Queries and passages are drawn from sources v4 saw during training, so this is in-distribution retrieval quality. v3 was tested on the same set, so the comparison is fair, and the absolute numbers reflect what users experience in normal app usage over their own data.

## Architecture

flowchart LR A\[Input text\] --> B\[Nomic BERT 1.5  
768d native\] B --> C\[mean pool\] C --> D\[L2 normalize\] D --> E\["Matryoshka dims  
64 / 128 / 256 / 512 / 768"\] E --> F\[caller slices  
to target dim\]

v3 projected Nomic's 768d hidden states down to 512d through a learned Dense layer. v4 removes that bottleneck and pools the native 768d directly.

## Training

Three-stage curriculum, ~285k pairs/triplets across roleplay/persona, long-form narrative, and general retrieval data, with BGE-M3 hard negatives refreshed per epoch.
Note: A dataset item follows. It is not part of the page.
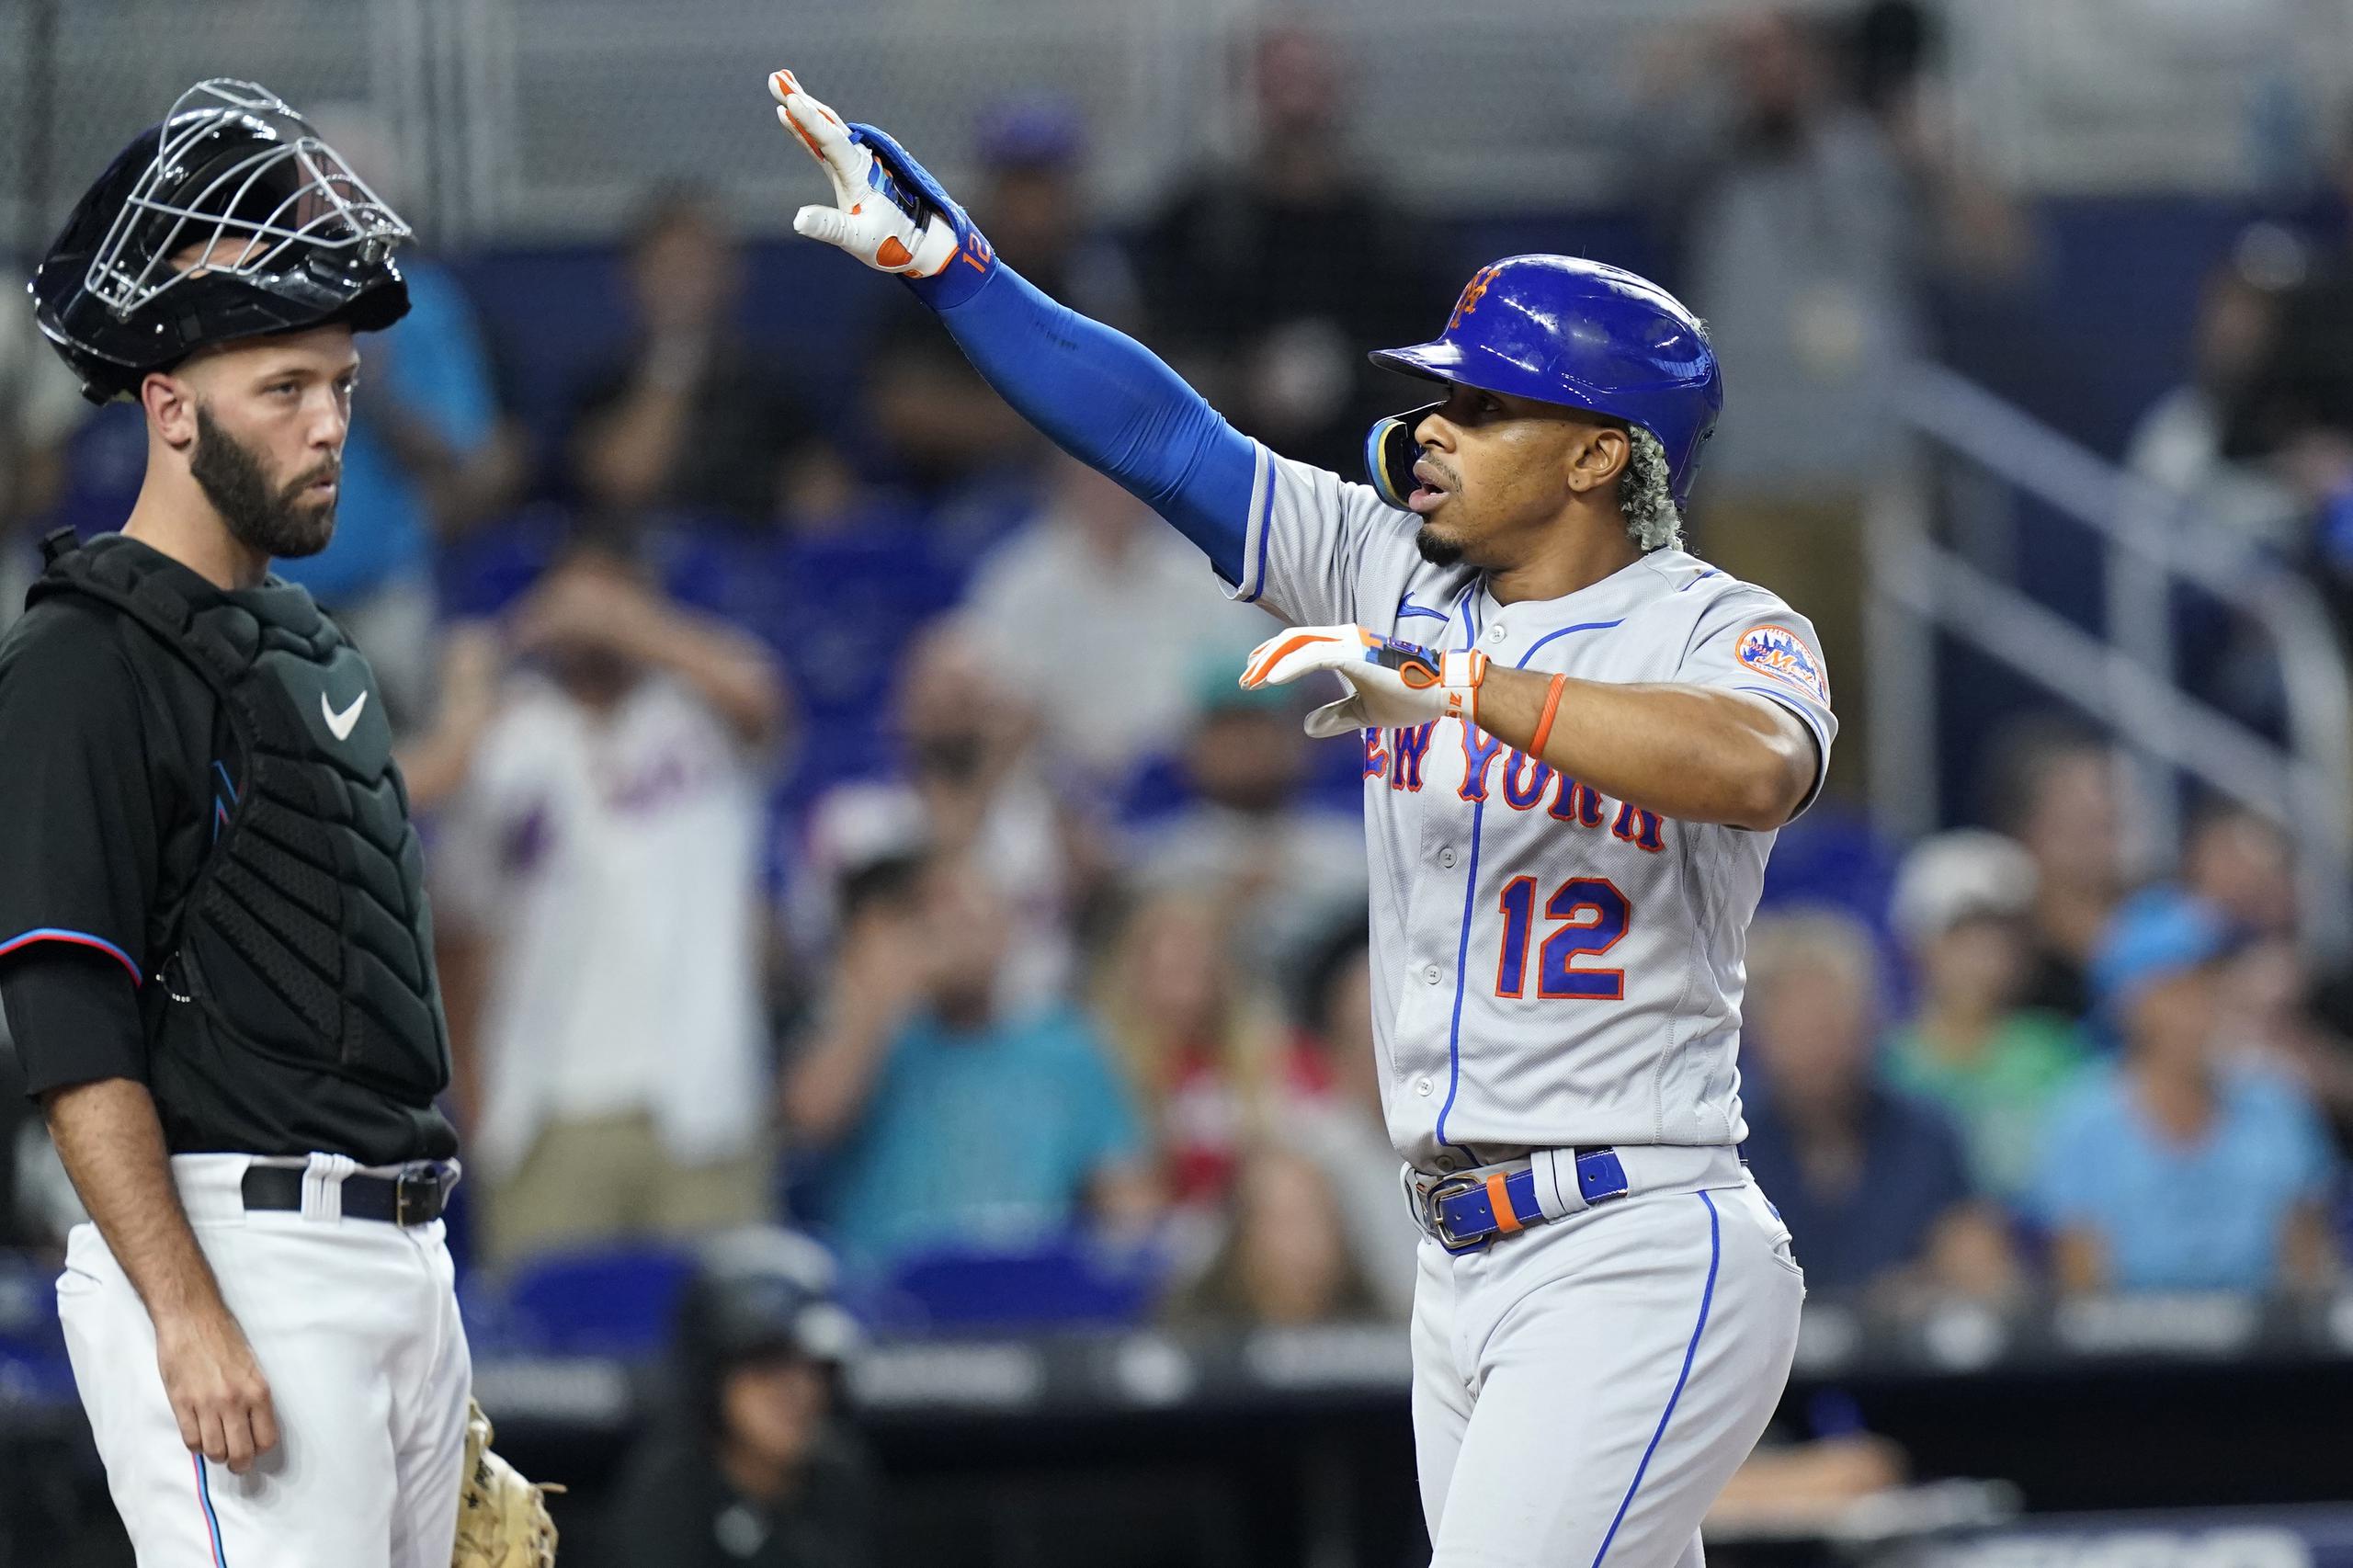 El boricua Francisco Lindor, de los Mets de Nueva York, anota tras conectar un jonrón solitario mientras le observa el catcher Jacob Stallings, de los Marlins de Miami.

| Stage | Seq len | Batch | Negatives | Losses |
| --- | --- | --- | --- | --- |
| 1 warmup | 512 | 128 pairs | in-batch | MNR |
| 2 main | 2048 | 16 triplets | hard negatives | MNR + Cosine distillation |
| 3 refinement | 4096 | 8 triplets | refreshed hard negatives | MNR + Cosine + MarginMSE + STS replay |

Hard negatives are the main reason v4 works. In v3, wrong passages were mostly random. In v4, wrong passages are close enough to be tempting, so the model has to learn the difference between "same general vibe" and "actually the memory the user needs."

## Specs

|     |     |
| --- | --- |
| Backbone | `nomic-ai/nomic-embed-text-v1.5` |
| Parameters | 137M |
| Output dimension | 768d (Matryoshka-sliceable to 64 / 128 / 256 / 512) |
| Context length | 4096 tokens |
| Pooling | mean over tokens, L2 normalize |
| ONNX FP32 | `final/onnx/model.fp32.onnx` — 547.7 MB |
| ONNX INT8 | `final/onnx/model.int8.onnx` — 138.0 MB |
| License | Apache 2.0 |
| Model card | [`Zeolit/lettuce-emb-768d-v4`](https://huggingface.co/Zeolit/lettuce-emb-768d-v4) |

## Coming after v4

v4-pro is in design. The two structural changes: queries that adapt to the conversation around them, and a model that quietly learns your voice on your own machine.

A personal memory model, not a generic retriever.